The threshold for determining high versus low risk with regard to circulating tumor cells has been debated -- with some researchers thinking about an any-versus-none threshold and others suggesting a plateau above 10 or 15 cells, Giordano explained in an interview.

These cells are seen as a measure of tumor burden, he noted.

His group retrospectively analyzed outcomes for 516 consecutive metastatic breast patients evaluated at M.D. Anderson, all of whom had circulating tumor cells measured by Cell Search before any line of new treatment was started.

The "neural network" assessed the following variables in conjunction with overall survival over a median 11.7 months of follow-up:

  • Age
  • Estrogen receptor status
  • Progesterone receptor status
  • HER2 amplification
  • Visceral metastasis
  • Bone metastasis
  • Number of metastatic disease sites
  • Type of treatment received
  • Line of therapy
  • Number of circulating tumor cells

The statistical model "trained" using 60% of the patients' predicted survival probabilities matching the Kaplan-Maier estimates for the remaining 40% in the validation set.

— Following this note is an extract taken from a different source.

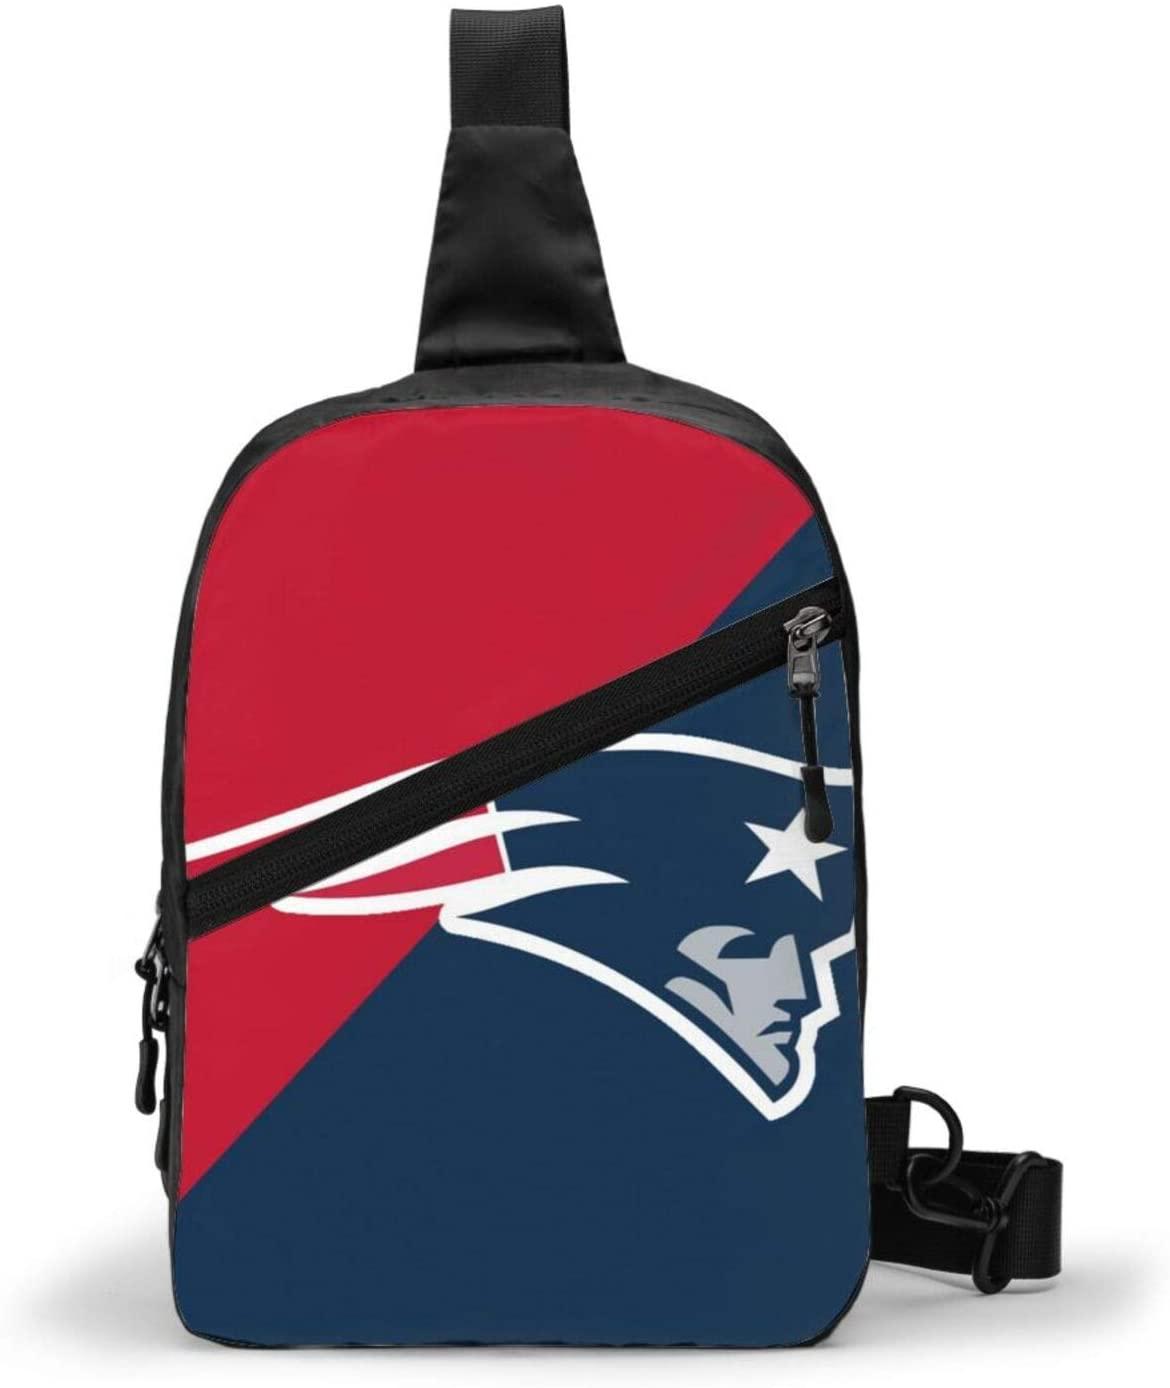 FDLB New England Football Patriot Chest Package Sling Bag Large Capacity Multipurpose Daypack Men Women Chest Shoulder Backpack Casual Crossbody

The hazard ratios with rising numbers of circulating tumor cells was highest for the estrogen receptor-positive, HER2-positive tumors (up to almost eight-fold), followed by estrogen receptor-negative, HER2-positive tumors, and then estrogen receptor-positive, HER2-negative tumors and triple negative cancers.

All these histologically-defined molecular subtypes showed the same pattern of linear increase in mortality risk with rising numbers of circulating tumor cells.

The researchers reported no external funding and no conflicts of interest.

Bartlett and Di Leo reported no conflicts of interest.

Primary source: IMPAKT Breast Cancer Conference Source reference: Giordano A, et al "Circulating Tumor Cells (ctc) and Artificial Neural Network (ANN) in Metastatic Breast Cancer (MBC) Patients" IMPAKT 2010; Abstract 25O.